As the Ukrainian crisis enters its 10th month, some Arab countries are, individually and collectively, racing to mediate between Russia and Ukraine for numerous motives. However, these Arab mediations of the Ukrainian crisis may encounter some obstacles.
The quest of Arab decision-makers to play a mediating role is linked to the economic consequences of the Ukrainian crisis and domestic political considerations. Some Arab countries fear that the pressures resulting from the Ukrainian crisis could lead to a new wave of the Arab Spring.

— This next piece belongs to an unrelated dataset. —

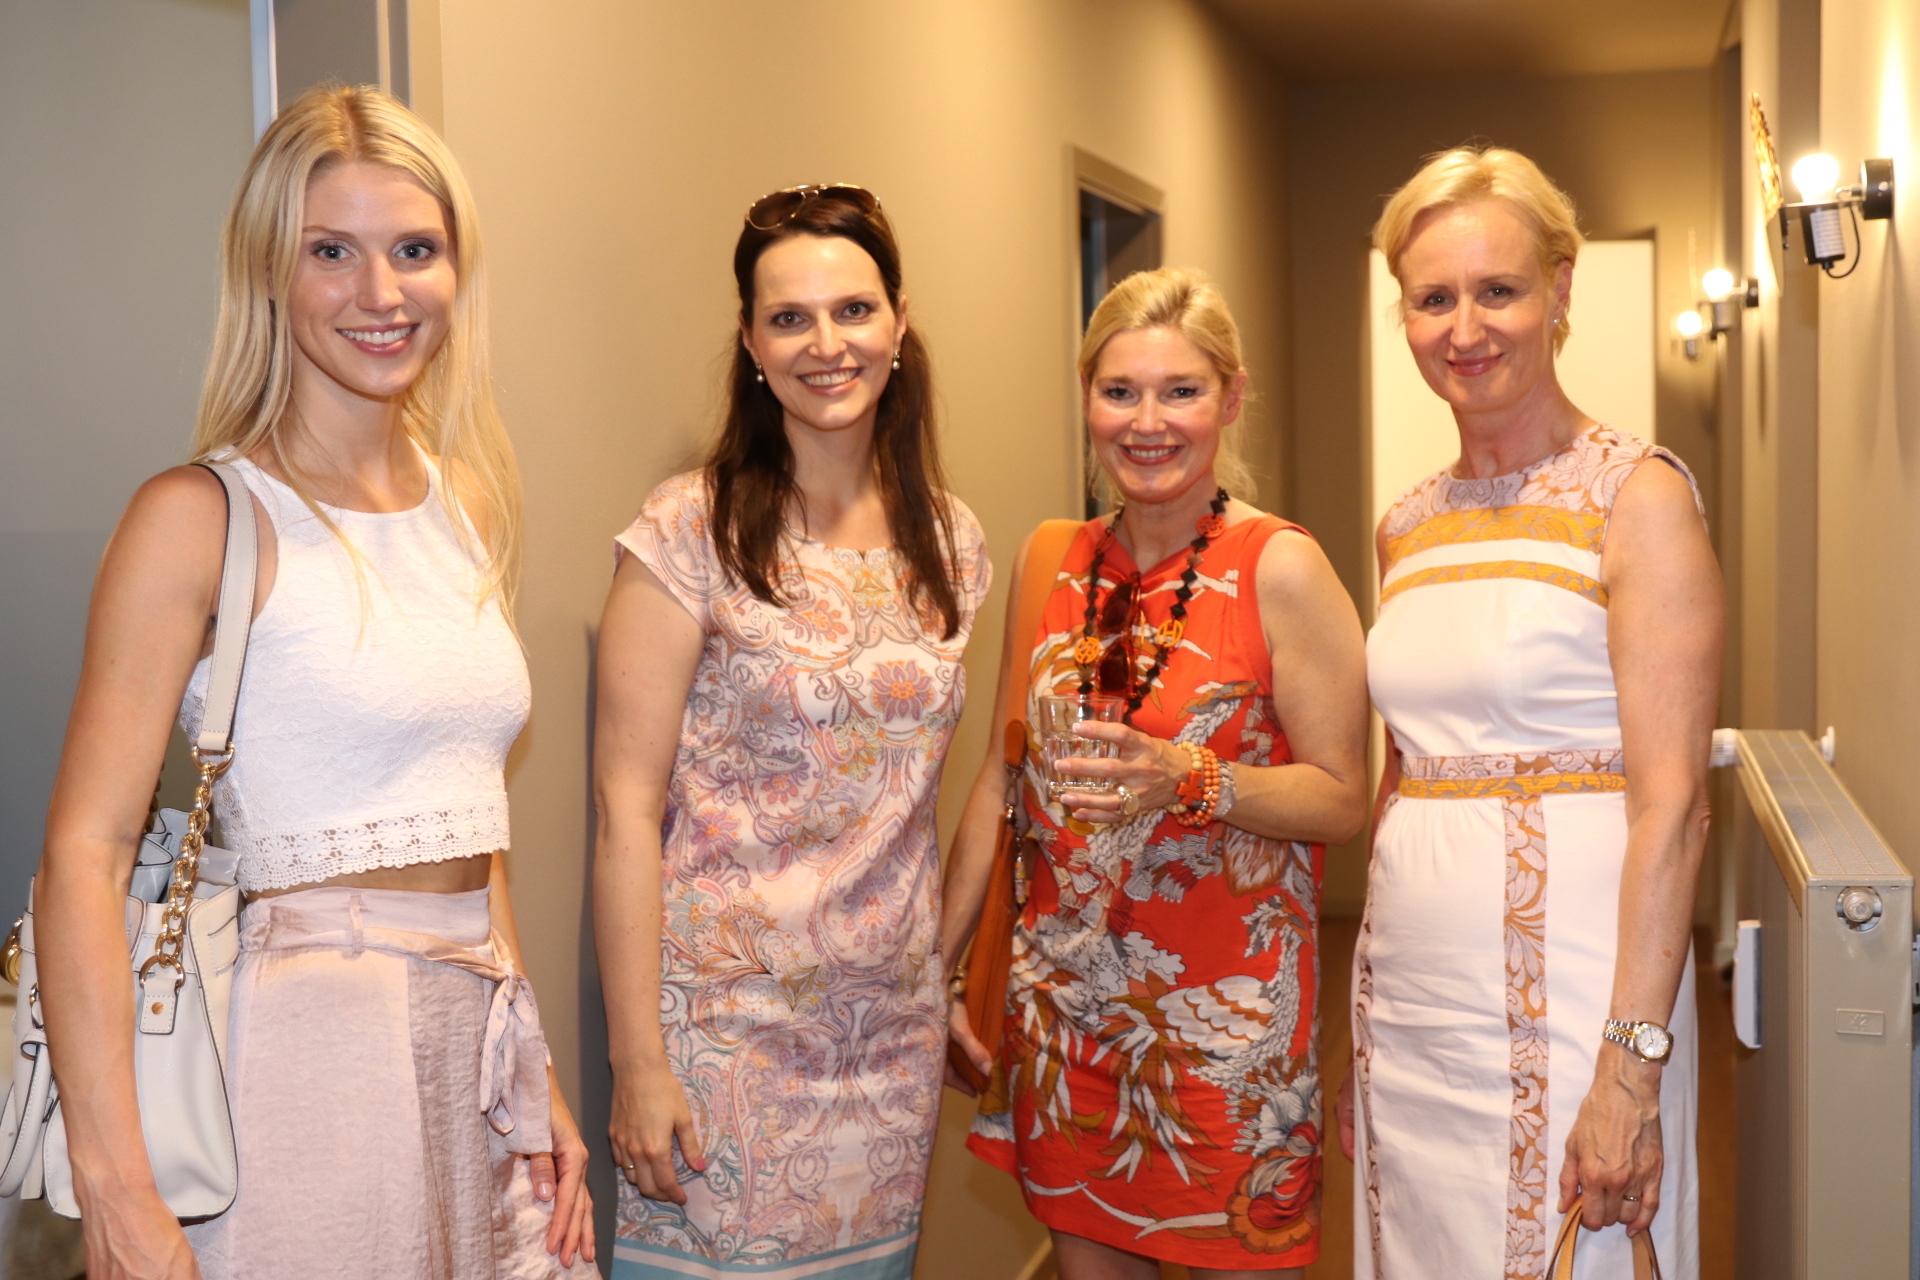 Myssage, Stefanie Seiffert, Janine Annen, Marion Bock rechts, Entspannung in der Stadt, Lifestyle-Blog, Lieblingsstil.

Following these attempts at mediation, one can hardly speak of a unified Arab strategic view of the possibilities at the regional and international levels.
Although there have been signs of what might be considered collective Arab action, individual actions from the Saudi and Emirati corners have been more effective. Remarkably, mediation efforts have been limited to some Gulf states, indicating their leadership, even if superficially, of the Arab world.
An official Arab ministerial delegation held talks with Russian and Ukrainian officials in April 2022. It called for direct negotiations between Russia and Ukraine. The delegation included Ahmed Aboul Gheit, secretary-general of the League of Arab States, and the Arab League’s Contact Group on the Ukrainian Crisis, which includes Egypt, Jordan, Iraq, Algeria and Sudan.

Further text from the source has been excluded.